-- What is needed --
Where the records below show a line containing "5daad417eac63c9aa812daf6c5aa08be - Cheetah", start copying; end with the line containing "Concepto arquitect nico", and copy it too.

-- Data shown --
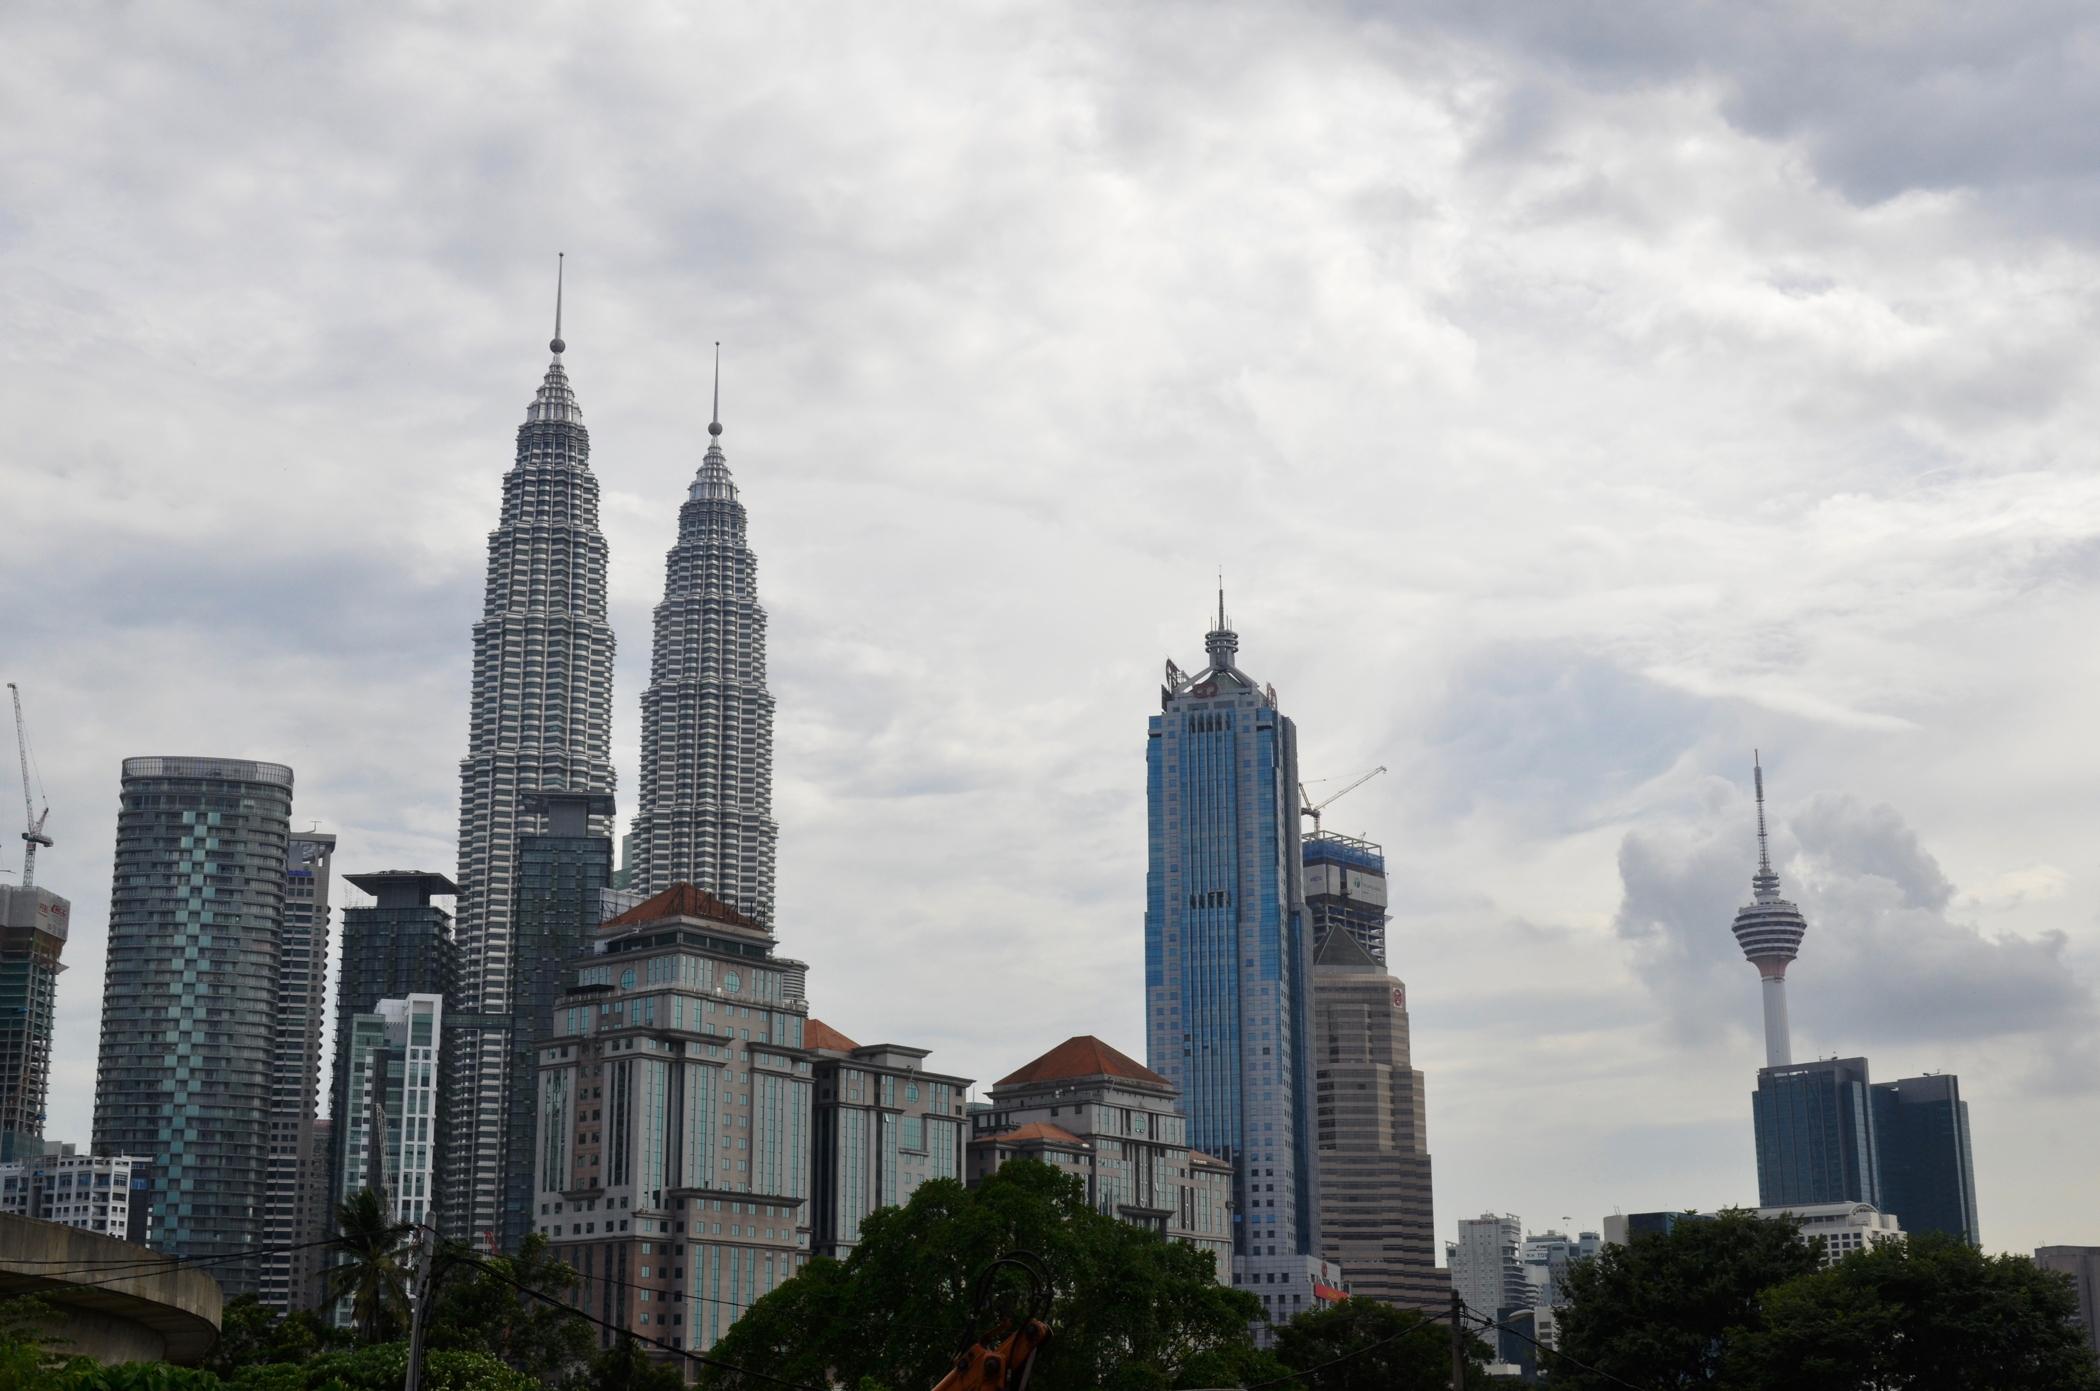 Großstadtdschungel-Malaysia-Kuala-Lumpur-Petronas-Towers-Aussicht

==

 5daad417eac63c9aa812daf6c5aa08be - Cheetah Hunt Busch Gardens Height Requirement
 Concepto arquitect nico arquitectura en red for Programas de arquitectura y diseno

-- Solution to this task --
 5daad417eac63c9aa812daf6c5aa08be - Cheetah Hunt Busch Gardens Height Requirement
 Concepto arquitect nico arquitectura en red for Programas de arquitectura y diseno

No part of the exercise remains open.